Of course, it maybe that the first time you become worried about the will in question is after the person has died and you discover that it contains provisions that give you cause for concern. At that point, the best evidence – from the person who made the will – is no longer available. Without the direct testimonial of the testator, there are other forms of evidence that can help you build a successful case to challenge the validity of the will concerned.

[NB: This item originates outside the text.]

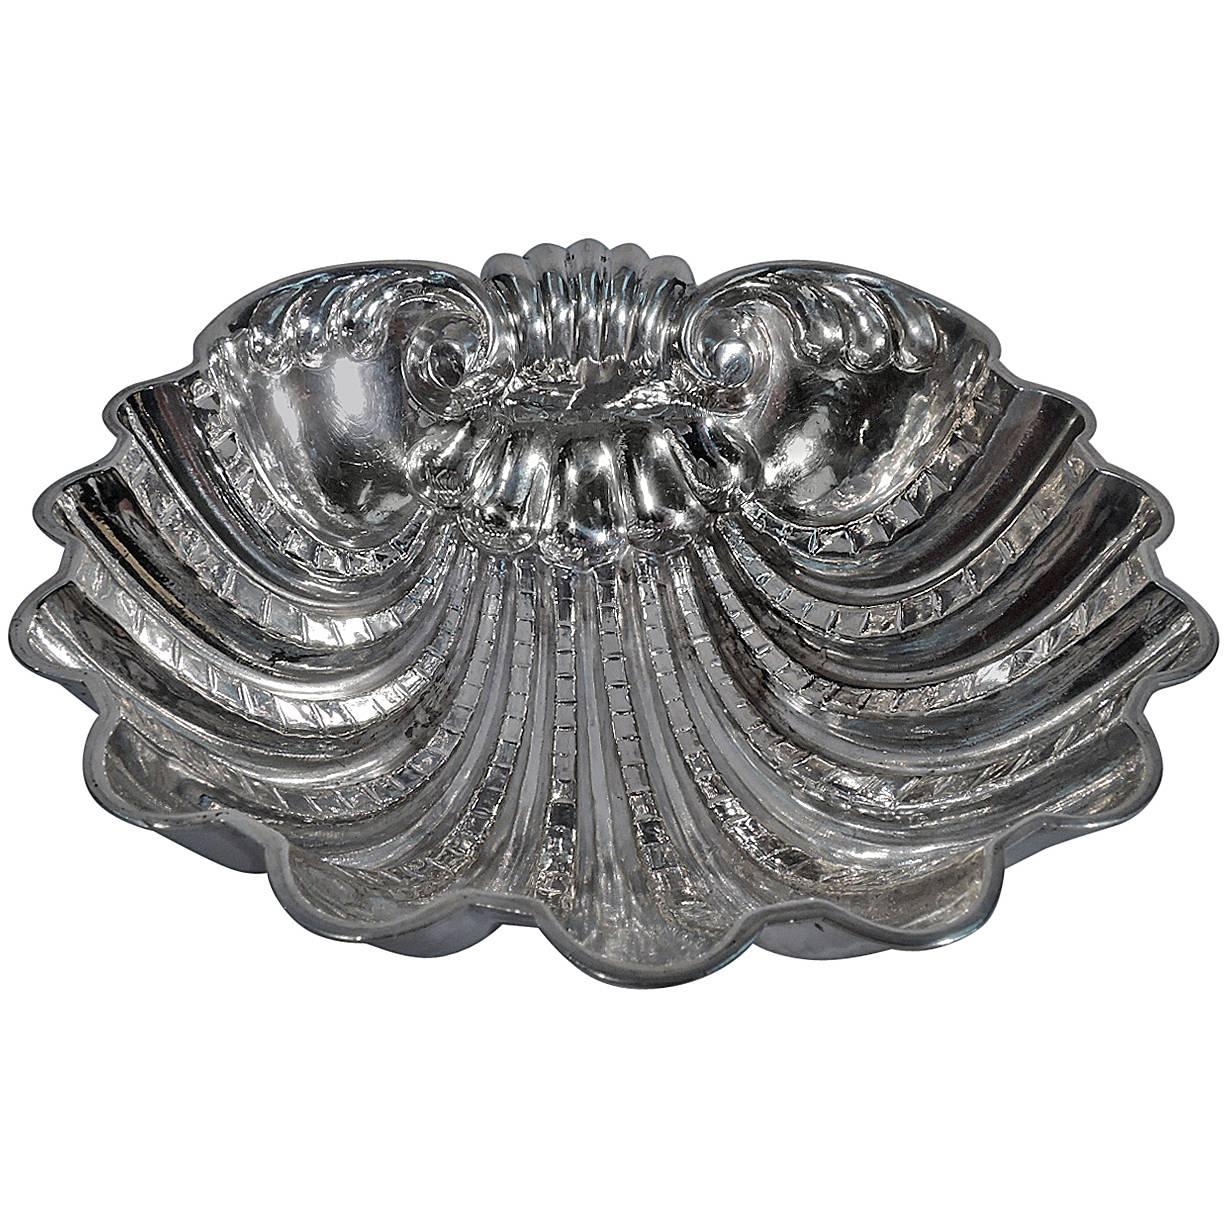 Italian Hand-Hammered Sterling Silver Scallop Shell Bowl
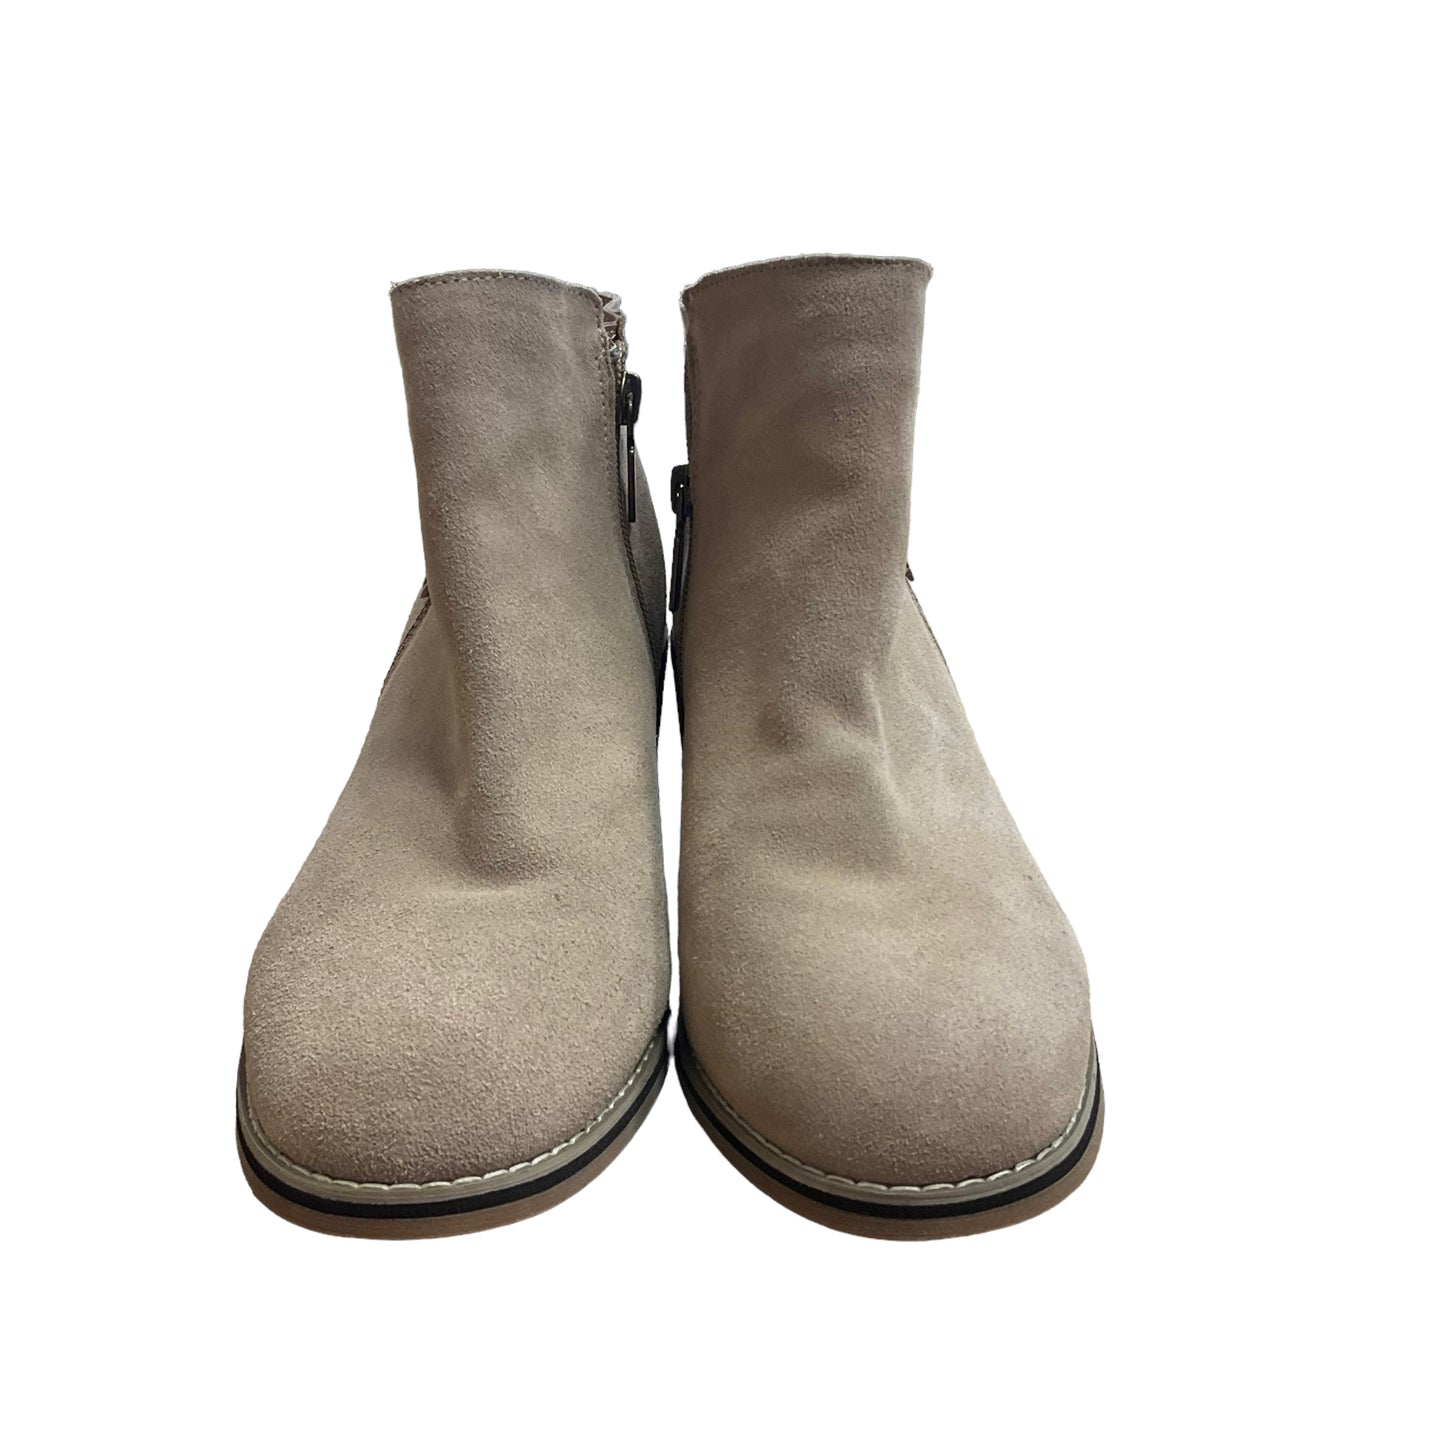 Boots Designer By Blondo  Size: 9.5

Letters and other documents

You may not be able to speak directly to the testator to establish what was going on at the time he or she made the will you are looking to challenge, but there may be other documents that reflect his or her intentions, state of mind or other concerns at the time the will was made. A diary that was kept by the testator can potentially reveal a number of things relating to different types of challenge. It could reveal the state of mind of the testator. It could mention bullying or other behaviour by a person in relation to making the will in a particular way. It could also reveal what a testator’s true intentions were in relation to how his or her estate should be distributed.

Medical notes

Particularly relevant if you are seeking to contest a will on the grounds that the testator did not have mental capacity to make the will. Medical notes may reveal whether or not the testator was suffering any illness or condition at the time he or she made the will, and the extent to which this condition might have impacted on the testator’s understanding of what he or she was doing.

Witness statements

Another important piece of evidence will be the witness statements of people who knew the testator at the time the will was made – and beforehand. Examples of useful witnesses will include

  • The solicitor who drew up the will
  • The people who witnessed the will
  • People involved in the care of the testator (if relevant) at the time the will was made
  • People who knew the testator and can talk about his or her state of mind when the will was made, what their behaviour was like
  • People who have known the testator in the past and could give evidence about the testator’s intentions regarding his or her estate.

In a recent blog when we looked at a challenge to a will brought on the grounds of mental capacity, which ultimately failed, the judge found evidence from people who had holidayed regularly on the testator’s farm helpful: this was evidence that the testator had regularly referred to her intention to leave her farm to her son – an intention that was born out in the will that was being challenged. The exact evidence that will be necessary to challenge a will always depends on the particular circumstances and the particular grounds on which you are contesting the will.  Your specialist legal adviser will be able to discuss the circumstances of your claim and talk to you about the kind of evidence that will be helpful.